Wolf, Elizabeth R; Tong, Sebastian T; Sabo, Roy T; Woolf, Steven H; Abbinanti, Kassie; Pecsok, James; Krist, Alex H.
Afiliação
  • Wolf ER; Department of Pediatrics, Virginia Commonwealth University, 1000 East Broad Street, Richmond, VA, 23219, USA. elizabeth.wolf@vcuhealth.org.
  • Tong ST; Children's Hospital of Richmond at VCU, Richmond, VA, USA. elizabeth.wolf@vcuhealth.org.
  • Sabo RT; Department of Family Medicine and Population Health, Virginia Commonwealth University, Richmond, VA, USA.
  • Woolf SH; Department of Family Medicine and Population Health, Virginia Commonwealth University, Richmond, VA, USA.
  • Abbinanti K; Department of Biostatistics, Virginia Commonwealth University, Richmond, VA, USA.
  • Pecsok J; Department of Family Medicine and Population Health, Virginia Commonwealth University, Richmond, VA, USA.
  • Krist AH; Center on Society and Health, Richmond, VA, USA.
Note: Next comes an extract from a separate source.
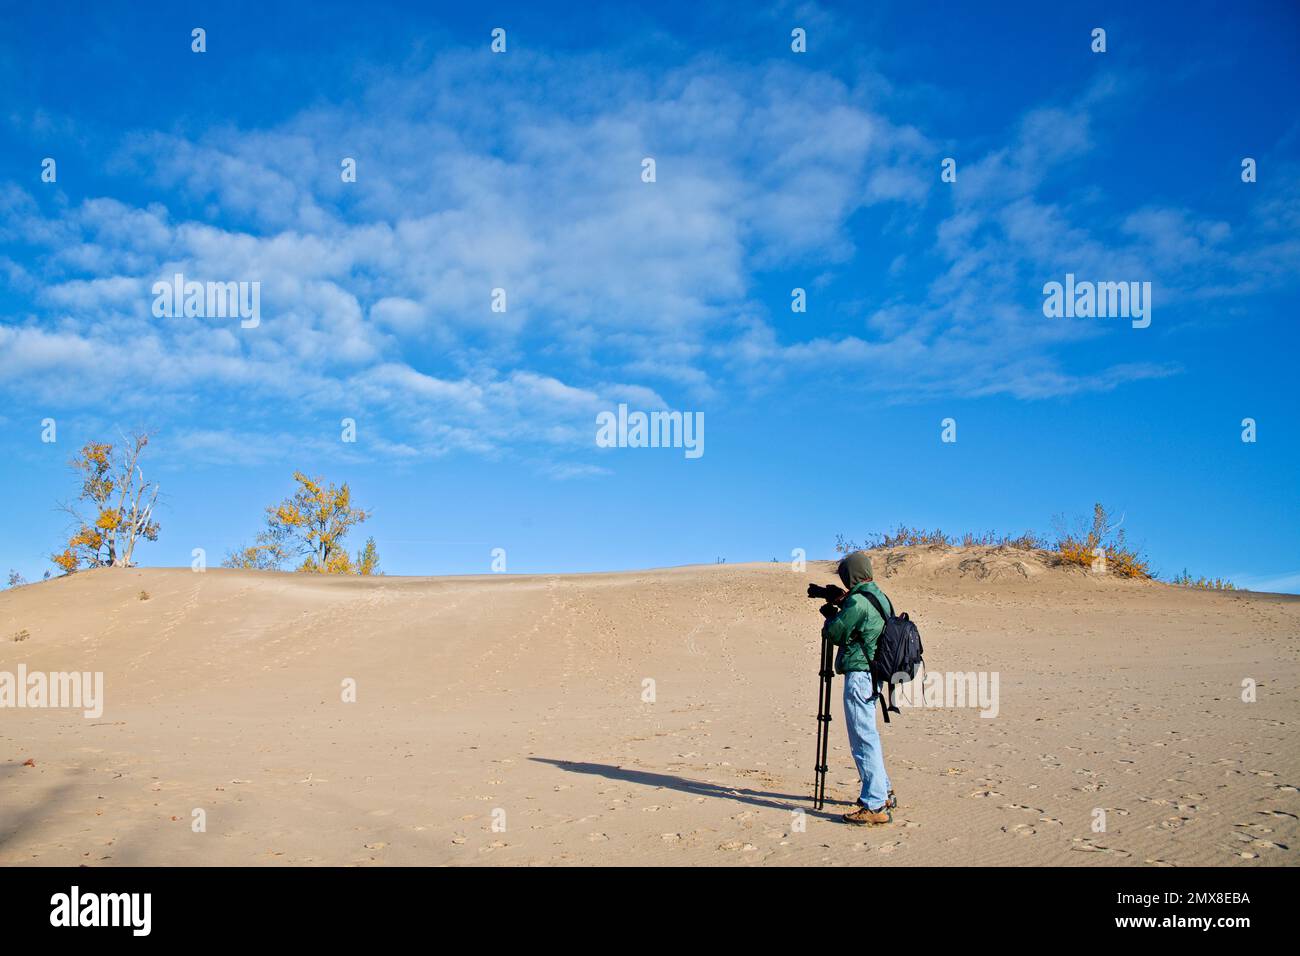 Ein männlicher Fotograf, der Fotos auf der Sanddüne mit blauem Himmel und Herbstblattfarbe macht Stockfoto

BMC Pediatr ; 19(1): 371, 2019 10 23.
Article em En | MEDLINE | ID: mdl-31640614
BACKGROUND: Adult opioid use and neonatal abstinence syndrome (NAS) are growing public health problems in the United States (U.S.). Our objective was to determine how opioid use disorder treatment access impacts the relationship between adult opioid use and NAS. METHODS: We conducted a cross-sectional state-level ecologic study using 36 states with available Healthcare Cost and Utilization Project State Inpatient Databases in 2014. Opioid use disorder treatment access was determined by the: 1) proportion of people needing but not receiving substance use treatment, 2) density of buprenorphine-waivered physicians, and 3) proportion of individuals in outpatient treatment programs (OTPs). The incidence of NAS was defined as ICD-9 code 779.5 (drug withdrawal syndrome in newborn) from any discharge diagnosis field per 1000 live births in that state. RESULTS: Unmet need for substance use disorder treatment correlated with NAS (r = 0.54, 95% CI: 0.26-0.73). The correlation between adult illicit drug use/dependence and NAS was higher in states with a lower density of buprenorphine-waivered physicians and individuals in OTPs. CONCLUSIONS: Measures of opioid use disorder treatment access dampened the correlation between illicit drug use/dependence and NAS. Future studies using community- or individual-level data may be better poised to answer the question of whether or not opioid use disorder treatment access improves NAS relative to adult opioid use.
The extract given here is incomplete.